Après une relance de la marque sur les réseaux sociaux, notamment Instagram, "une étape clé, selon les nouveaux dirigeants, pour réinjecter de la désirabilité, reparler des codes de la maison Rykiel à la jeune génération : les rayures, la maille, les strass, les ourlets, les coutures apparentes, le velours, les paillettes… et des valeurs d’indépendance et de liberté des femmes", le duo annonce la réactivation du site e-commerce dès septembre.

"Notre stratégie est d’abord digitale, explique Eric Dayan. Nous venons de cet univers-là. L’ancienne équipe de Sonia Rykiel semble avoir manqué le virage du numérique. Avec la nouvelle plateforme, n’importe quel client dans le monde qui s’intéresse à l’achat de produits Sonia Rykiel pourra accéder à un site reconnaissant immédiatement sa langue, sa taxe et sa monnaie."

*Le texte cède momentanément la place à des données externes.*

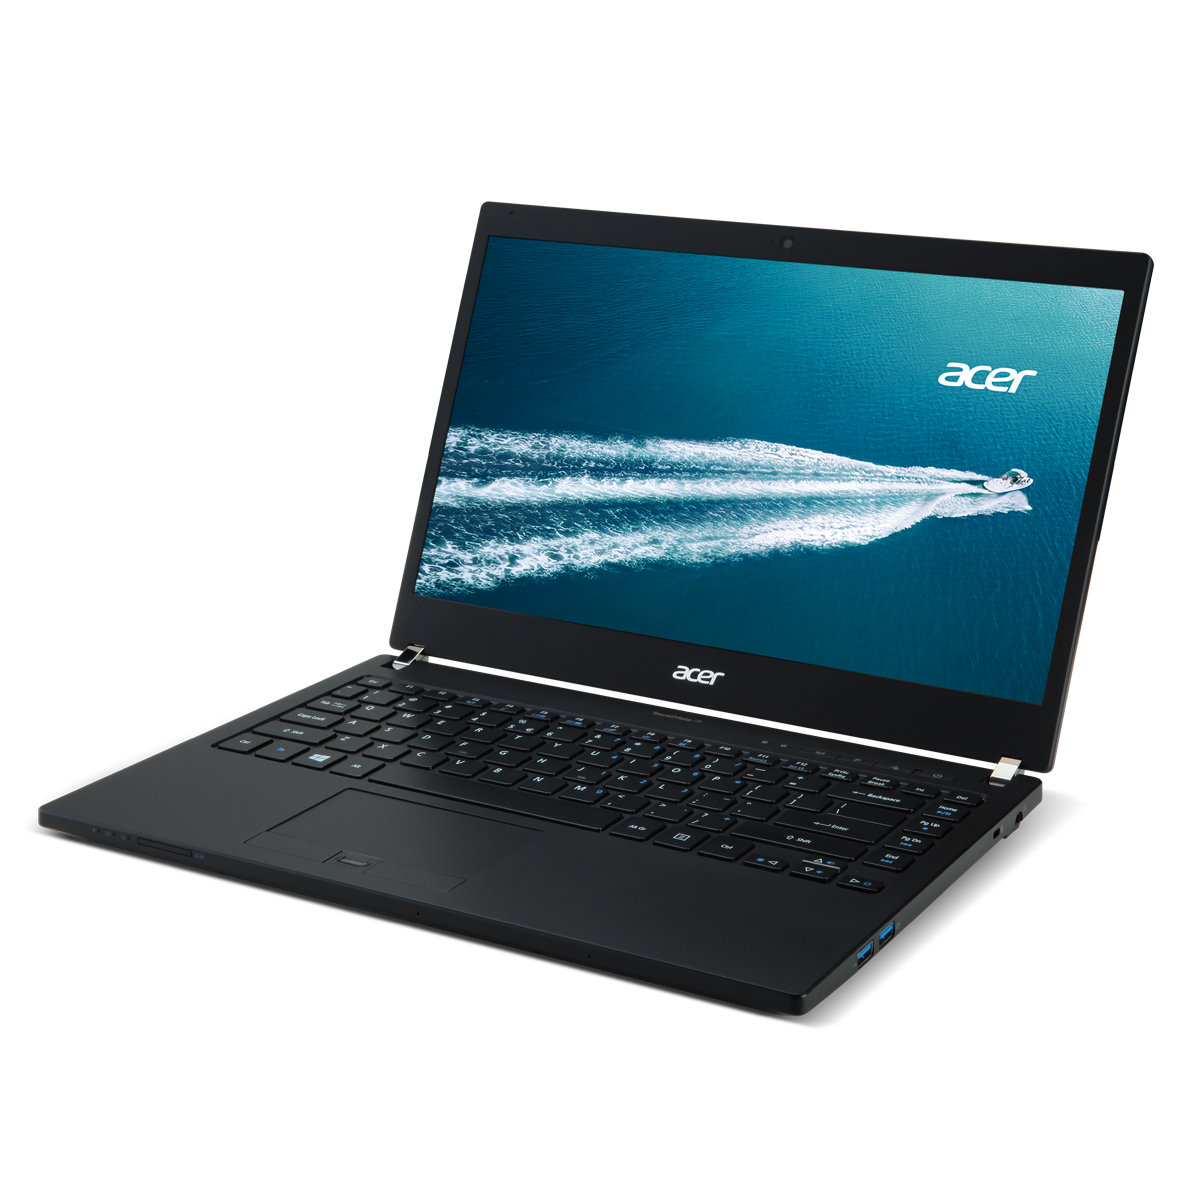 Acer TravelMate Laptop Repairs ANU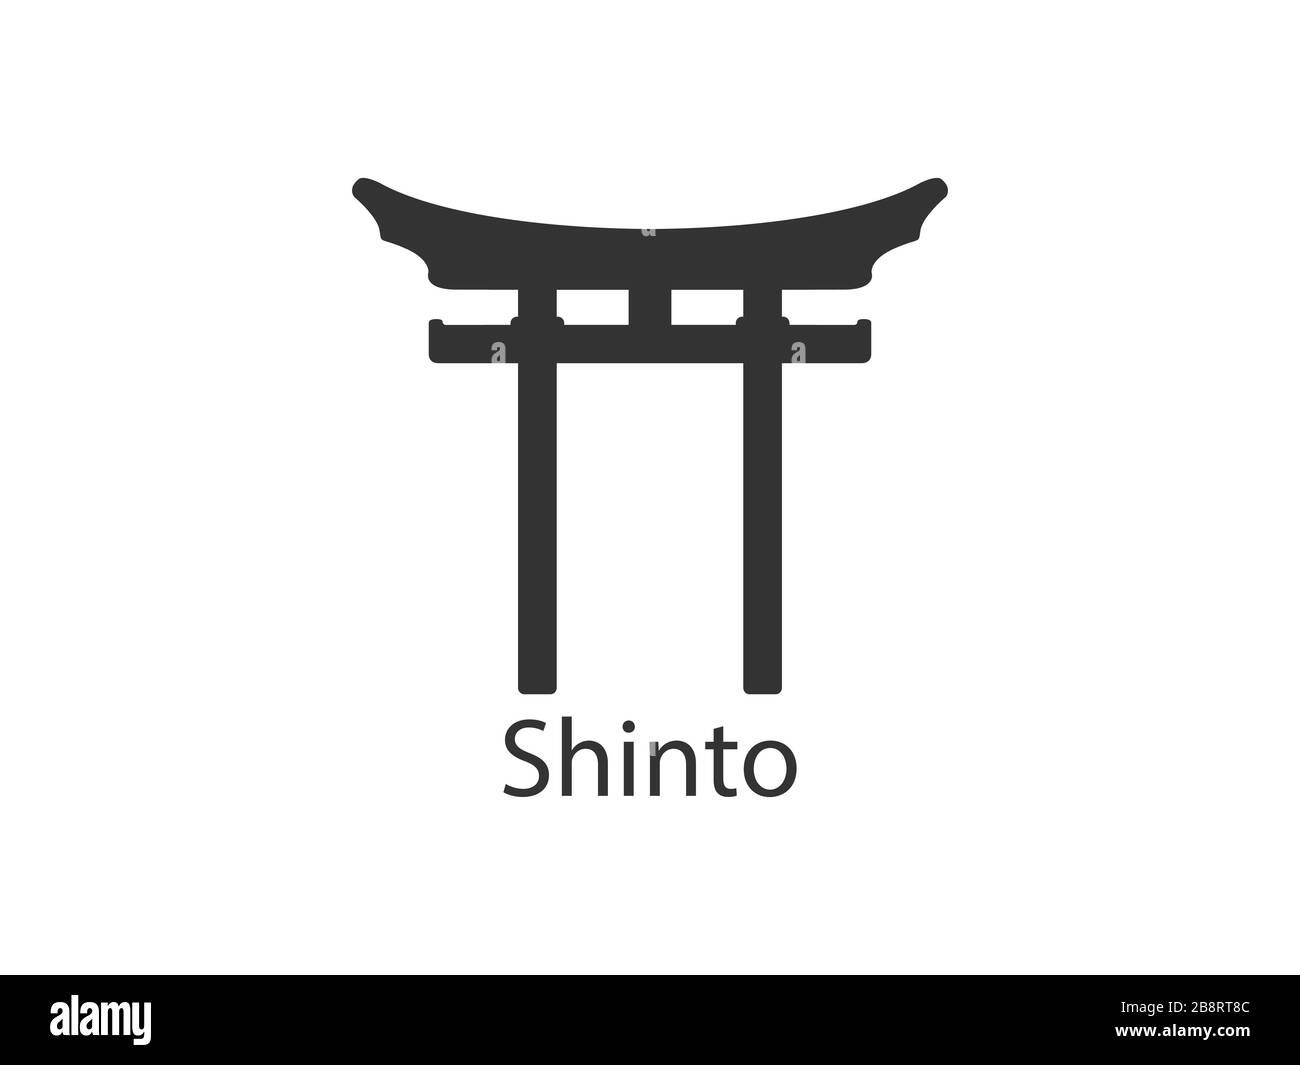 Japanisch, shinto, Torii-Ikone. Vektorgrafiken, flaches Design. Stock Vektor

Les anciennes collections Sonia Rykiel seront vendues dès septembre


Côté produits, l’axe retenu par Eric et Michael Dayan repose sur un mix entre "archives, héritage, modernité et innovation". "Dès septembre, nous commencerons à vendre des produits, explique Michael Dayan, soit plus de 20.000 pièces issues de nos archives et des anciennes collections ainsi que quelques rééditions de pièces intemporelles avec un gros accent mis sur la maille, en attendant une première collection prévue pour février 2021."

Un nouveau DA en fin d'année



Un parti pris qui s’accompagne d’un repositionnement prix. "Les anciens propriétaires tablaient sur un segment luxe premium à l’instar de Celine, poursuit Michael Dayan, mais la clientèle ne s’y retrouvait pas avec des pulls à plus de 2.000 euros. Notre envie est claire: rester en phase avec la clientèle historique de la marque et aller chercher les plus jeunes en proposant un positionnement prix plus proche de Patou, Isabelle Marant ou Marc Jacobs."
 
Si les frères Dayan attendront le dernier trimestre pour dévoiler le nom de leur directeur ou directrice artistique, leur choix devrait se porter sur une personnalité en dehors du "star-système". Tous ceux passés après Sonia Rykiel n’ont jamais su s’imposer à sa place. Aujourd’hui nous souhaitons mettre d’abord en avant l’histoire de la créatrice et de son parcours. Nous ne souhaitons pas un nom qui vienne effacer l’héritage de la maison, mais miser plutôt sur un esprit collectif et de jeunes talents."


Sonia Rykiel


Autour d’une équipe de techniciens de la maille et d’anciens de l’équipe Sonia Rykiel, la nouvelle vie de la griffe s'écrit peu à peu. Les premiers produits marqués "iconiques" sont produits en France et en Europe en petites éditions, une volonté pour les dirigeants de préserver la qualité et de renouer le lien avec les anciens fournisseurs de la marque. 
 
Outre l’e-commerce, l’objectif des repreneurs est de commercialiser la marque dans les corners des grands magasins mais aussi d’activer la vente en gros à l’international, avec comme marchés cibles l’Asie (le Japon et la Corée du Sud), les Etats-Unis (qui représentaient 50% du chiffre d’affaires au début des années 2000, selon Eric Dayan), la Russie et le Moyen-Orient.
 
Côté boutiques, les repreneurs repartant d’une page blanche planchent actuellement sur deux projets et s’intéressent notamment à la rue Saint-Honoré plutôt qu’à la rive gauche. "Nous sommes ouverts à recréer de l’expérience en magasin, indique Michael Dayan, par le biais de concept d’appartement-boutique ou d’espace éphémère. Les choses sont en pourparlers et pourraient prochainement se concrétiser."
 
Outre le prêt-à-porter, le nouveau cru Rykiel pourrait s’intéresser à la décoration, au mobilier, au parfum, à la beauté," des segments naturels quand on connaît l’attention et la curiosité de Sonia Rykiel pour l’art de vivre", précise Eric Dayan.
 
Tablant sur un chiffre d’affaires semblable aux plus belles années de la maison Sonia Rykiel – son chiffre d’affaires dépassait les 100 millions d’euros en 2008 -, les dirigeants se veulent optimistes : "L’appétit de la marque est très fort, et si le sentiment que tout reste à faire est là, en étant efficaces dans notre stratégie, nous réussirons ce pari."